I’ve been failing rather a lot lately. Or so I tell myself, in that nasty scolding tone that all-too-often characterises my internal dialogue. And that voice is especially loud when it comes to my writing. I’m not meeting goals, not applying myself, not disciplined enough, not planning properly, not proactive in trying to build or maintain a brand, a profile… You get the picture.
It doesn’t actually help when I remind myself of just how productive I can be. From 1987 to 1997, I had 8 children’s books published. And from 2004, another 5 published, with a further 2 novels unpublished. Between those two very active periods, however, there were 7 years of little creative writing and no publishing. (I must add that they were years during which I had a baby and completed a post-graduate diploma in children’s literature and moved our family to help my parents age in their own home. Busy? Very!)

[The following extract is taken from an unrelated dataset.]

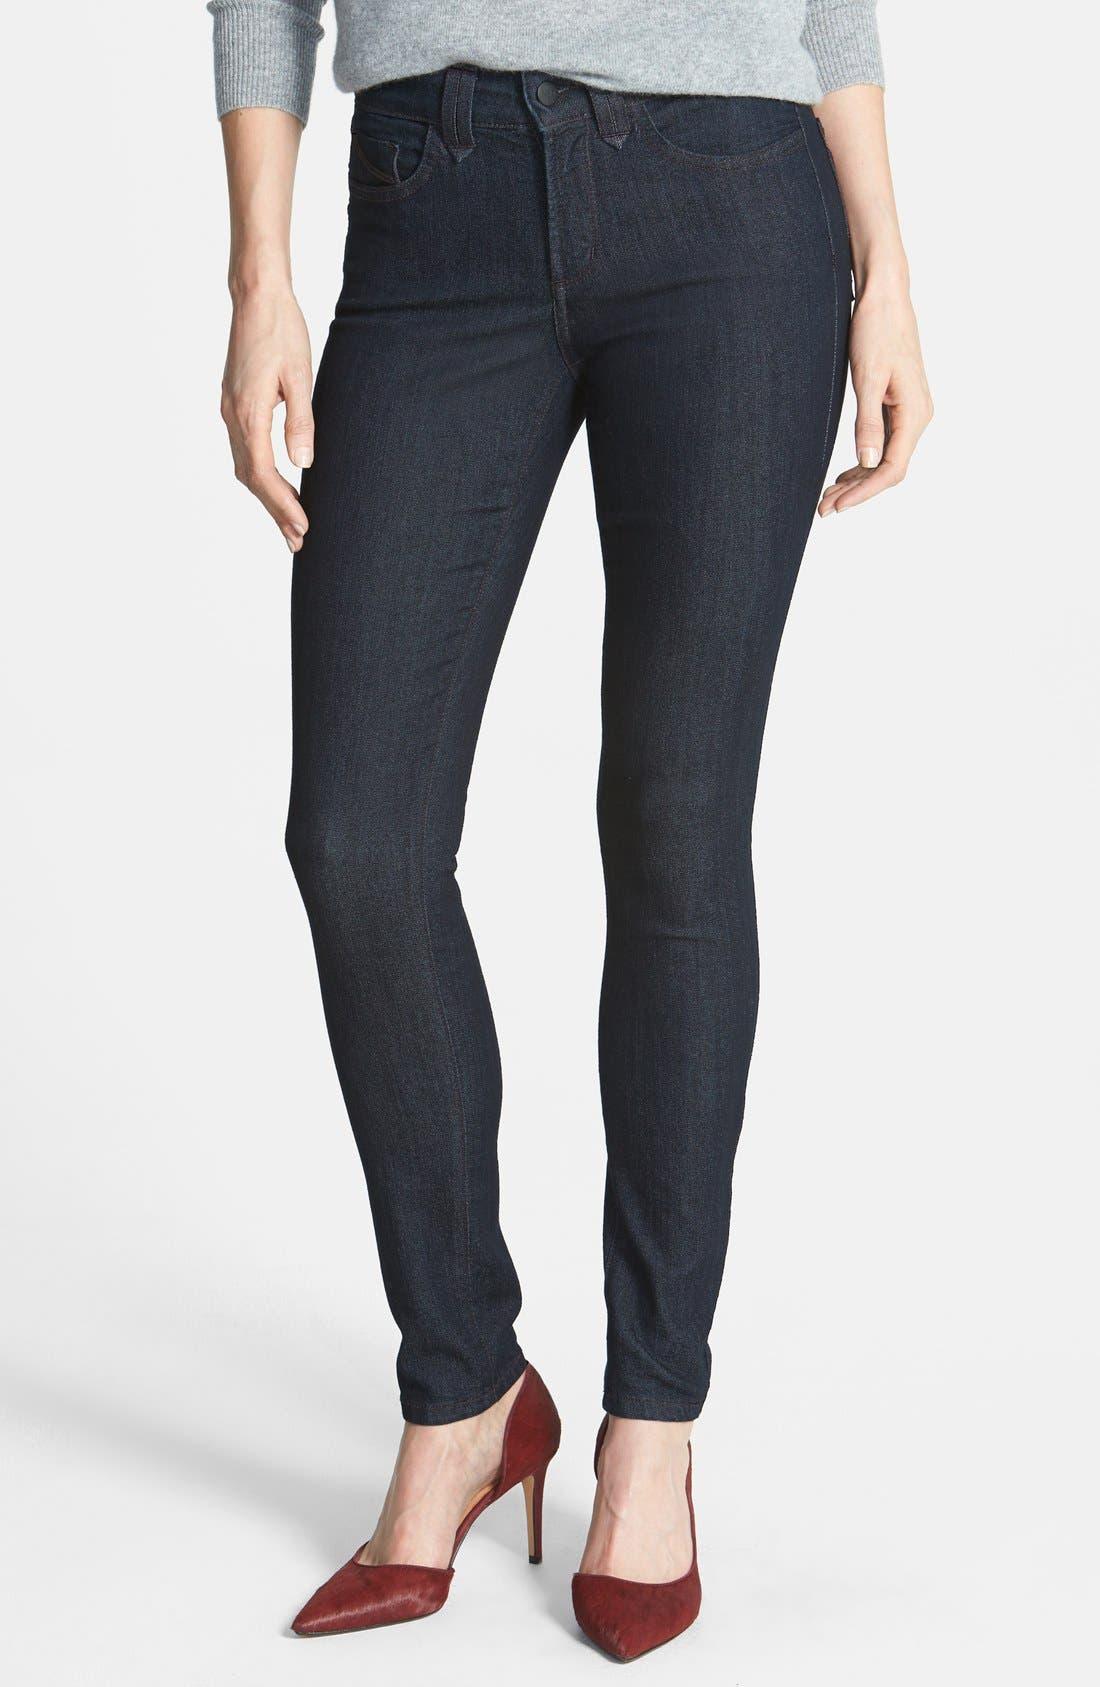 Main Image - NYDJ 'Ami' Contrast Stitch Stretch Skinny Jeans (Dark Enzyme)

For the past 15 years I haven’t had a break from major writing projects. When, at the end of 2017, the children’s book I’d been working on for a couple of years didn’t come off (I’ve tried to use another word for ‘failure’!) I thought that a break of six months…or even a year…would do me good. Then I could re-launch. But, disappointingly, none of the three projects I’ve been working on have taken off. Thus the hectoring tone of my self talk. Just get over yourself, and get on with it, woman!
Am I a failure? Have I failed? No, of course not – and yes, absolutely. My Verity Sparks books did unexpectedly well…but the final book is now out of print, so I guess that’s the end of Verity. My adult novel How Bright Are All Things Here didn’t sell well at all – but I love the story and the character of Bliss; I’m so glad that I wrote it. My two unpublished books were a colossal waste of time and energy, but I learned an enormous amount from writing them.
Perhaps I’m due for a break. Perhaps I should give myself a break, too, from my own self-imposed expectations? After reading How to Fail, I think – not perhaps – definitely.
How to Fail by Elizabeth Day is a lovely, funny, wise reminder that things go wrong all the time. She takes a range of ‘failures’ – from the heart-tearing loss of her dream to have a child, to the laugh-out-loud attempt to live like Gwyneth Paltrow for a week – and shows us that without failure, none of us would learn, grow or thrive.
These are wise words, Susan. I think it pays to examine that notion of ‘failure’ more closely — what are our intentions in the first place? If we decide that we just want commercial success, we are almost bound to fail, because huge money in this business is so rare (and so rarely goes to the most deserving :)) Maybe we have to redefine what ‘success’ means: learning and growing, making connections, achieving a personal goal in our writing (even if other people don’t appreciate it!). A ‘successful’ life is not the same thing as a fulfilling life.
Thank you Kate – wise and encouraging words in return. Really wondering if I am “a writer” when I’m not actually writing!